PETITIONER: Defiance Knitting Industries Pvt. Ltd

RESPONDENT: Jay Arts

DATE OF JUDGMENT: 30/08/2006

BENCH: ARIJIT PASAYAT & LOKESHWAR SINGH PANTA

JUDGMENT: J U D G M E N T (Arising out of SLP (C) No. 20393 of 2005)

ARIJIT PASAYAT, J.

       Leave granted.   

       Challenge in this appeal is to the judgment rendered by a         learned Single Judge of the Bombay High Court dismissing  the writ petition No. 2521 of 2005 filed by the appellant.  By  the impugned judgment the High Court upheld the view of the  trial court in Summary Suit No.10 of 2001 that the appellant  has not made out a case for unconditional leave to defend in  terms of  Order XXXVII Rule 2 of the Code of Civil Procedure,  1908, ( in short the ’CPC’).   
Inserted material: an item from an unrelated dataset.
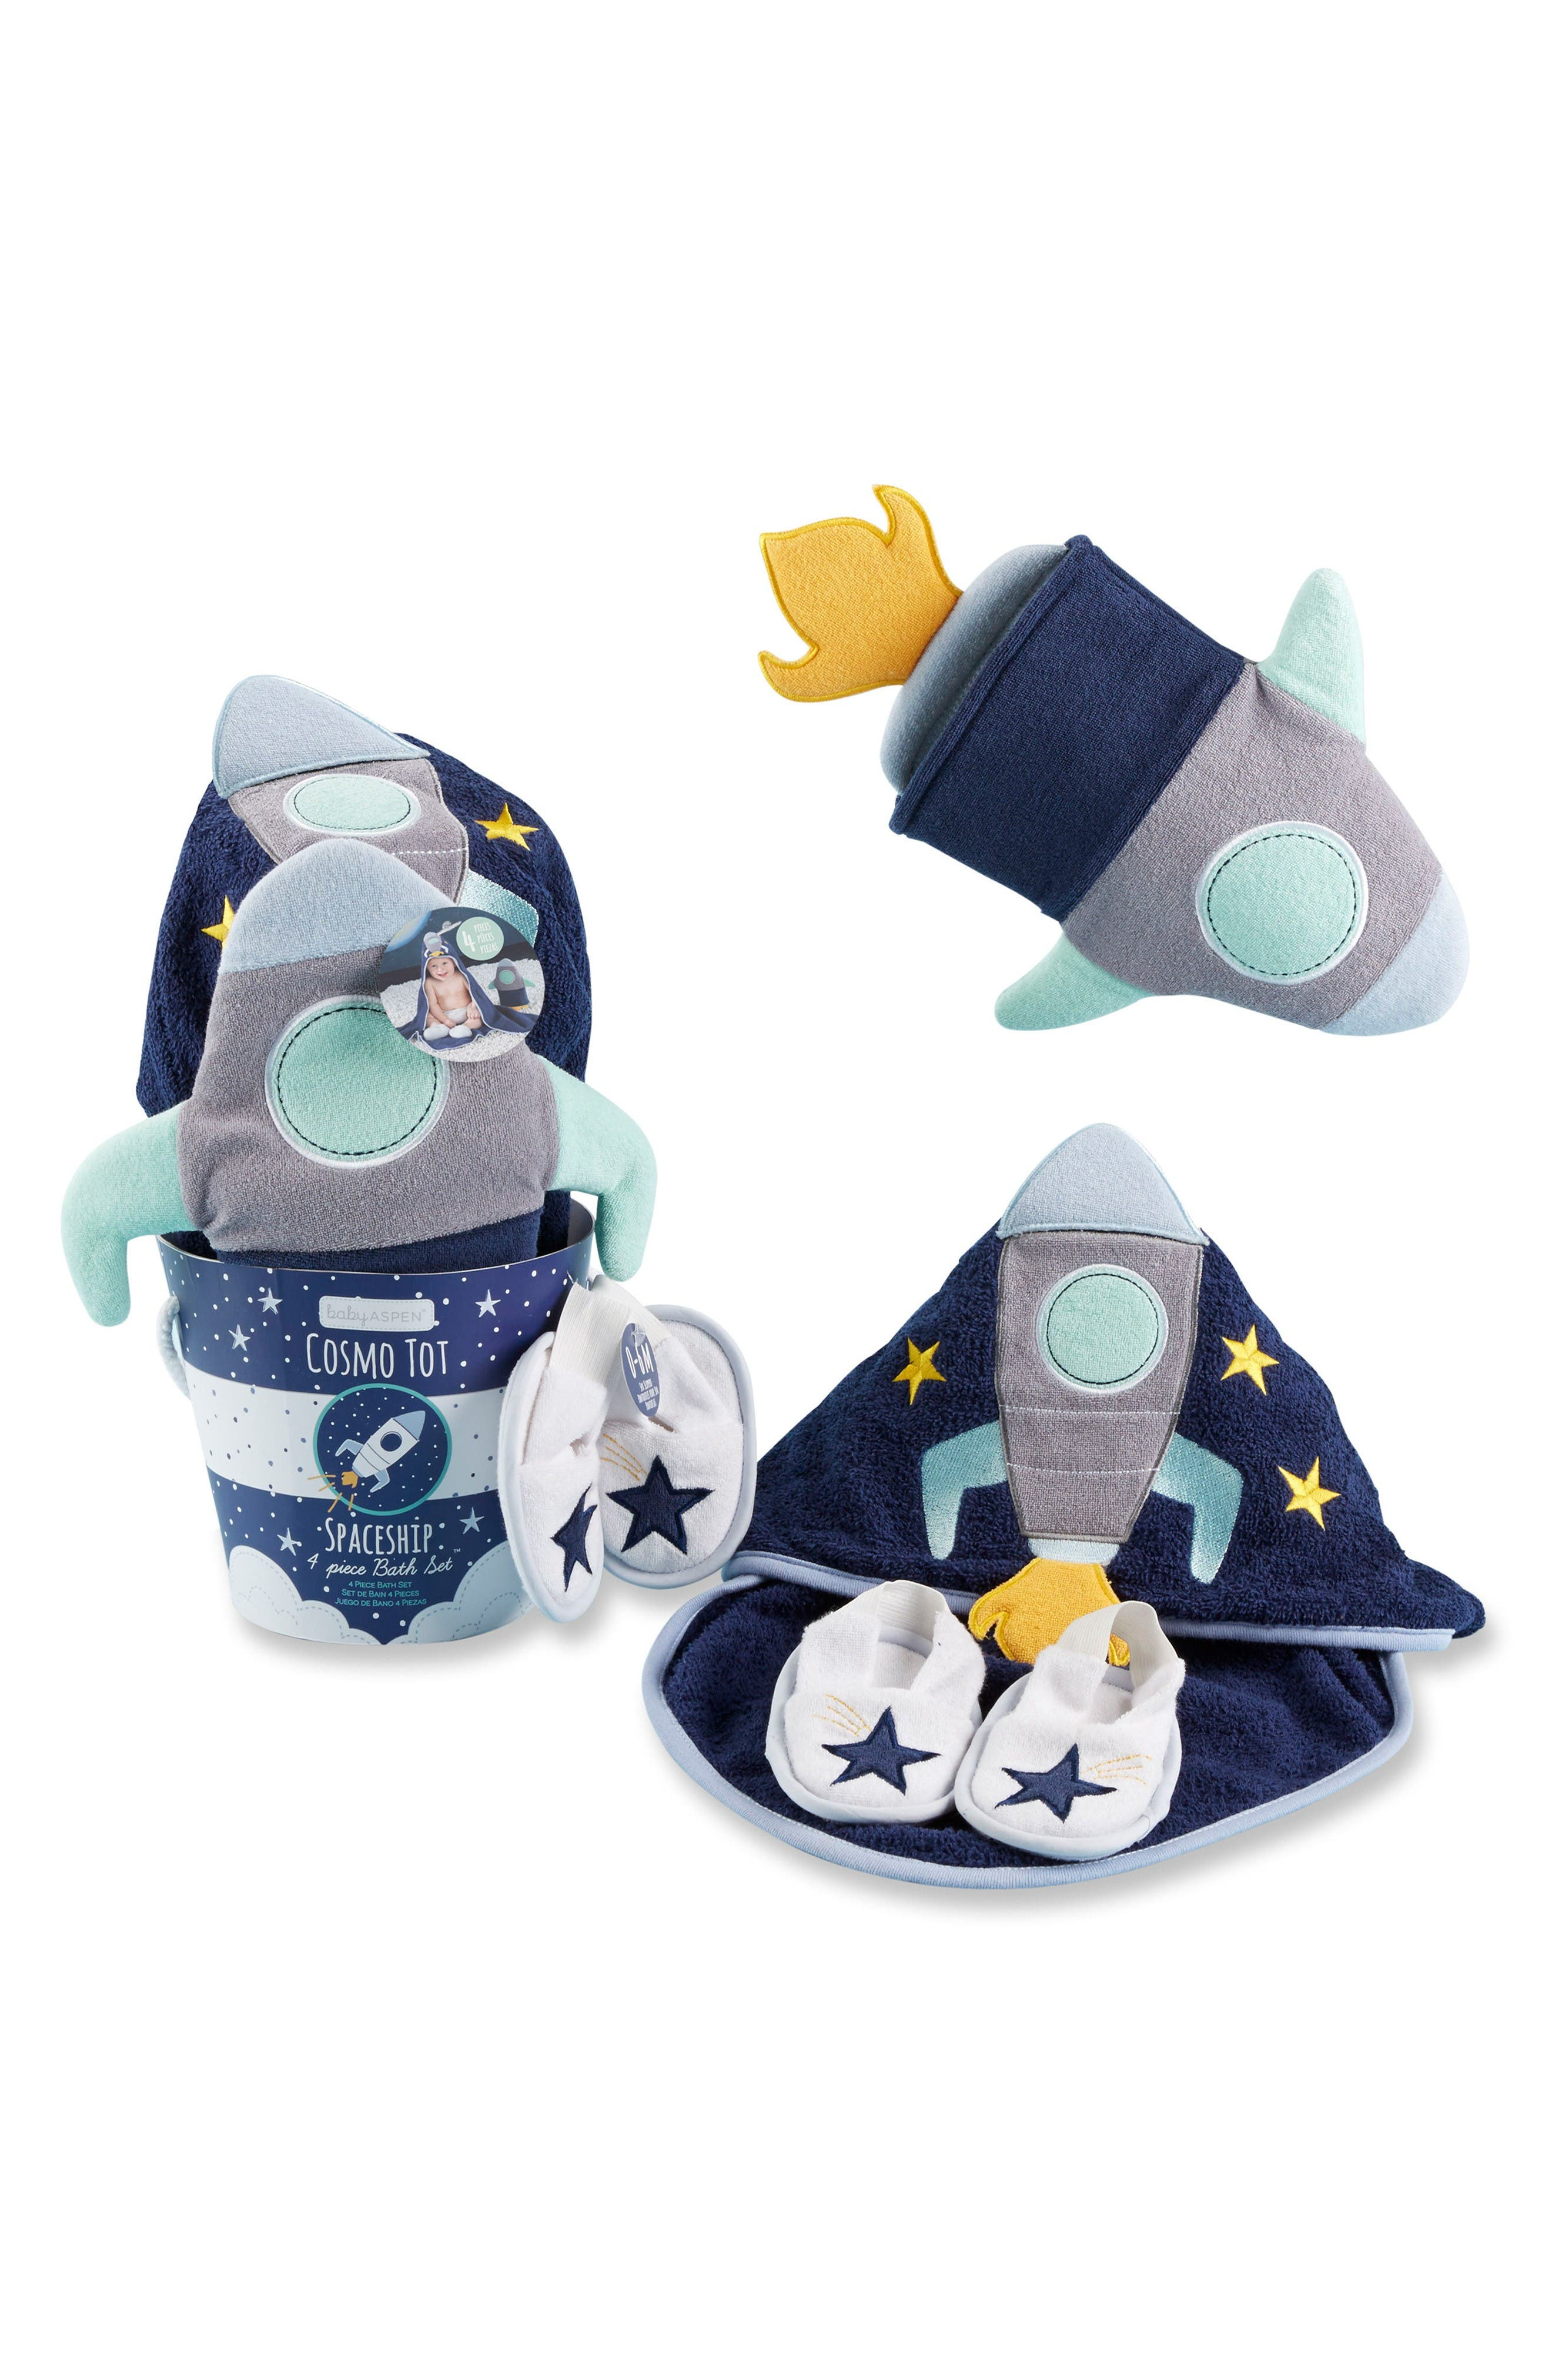 Baby Aspen Cosmo Tot 4-Piece Bath Gift Set

The factual background in a nutshell are as follows:

Summary Suit No.10 of 2001 has been filed by the  respondent before the learned Civil Judge (Senior Division) at  Kalyan for recovery of an amount of Rs.98,81,426.63. In  addition, the plaintiff has claimed interest from the date of  filing of the suit till the realisation of the amount. The suit was  filed on 05.07.2001. After issuing notice, the writ petitioner- defendant filed an application under Order XXXVII Rule 3(5) of  C.P.C. for leave to defend unconditionally and the said  application was rejected by the trial Court. The writ Petitioner,  therefore, approached the High Court in Civil Revision  Application No. 659 of 2002 and in terms of the consent  orders, it was disposed of on 02.05.2002. The said order was  to the effect that the writ petitioner was to deposit an amount  of Rs. 20,00,000/- with the trial Court within four months to  show his bonafides and was entitled to take out an application  for leave to defend which was required to be heard on merits.  If he succeeded in his application for leave to defend, he was  allowed to withdraw the amount deposited. The trial Court  heard the parties afresh and by order dated 11.03.2005  allowed the application (Ex. 34) on the condition that the writ  petitioner was to deposit an additional amount of  Rs.50,00,000/- in two instalments. The said order was  challenged before the High Court.  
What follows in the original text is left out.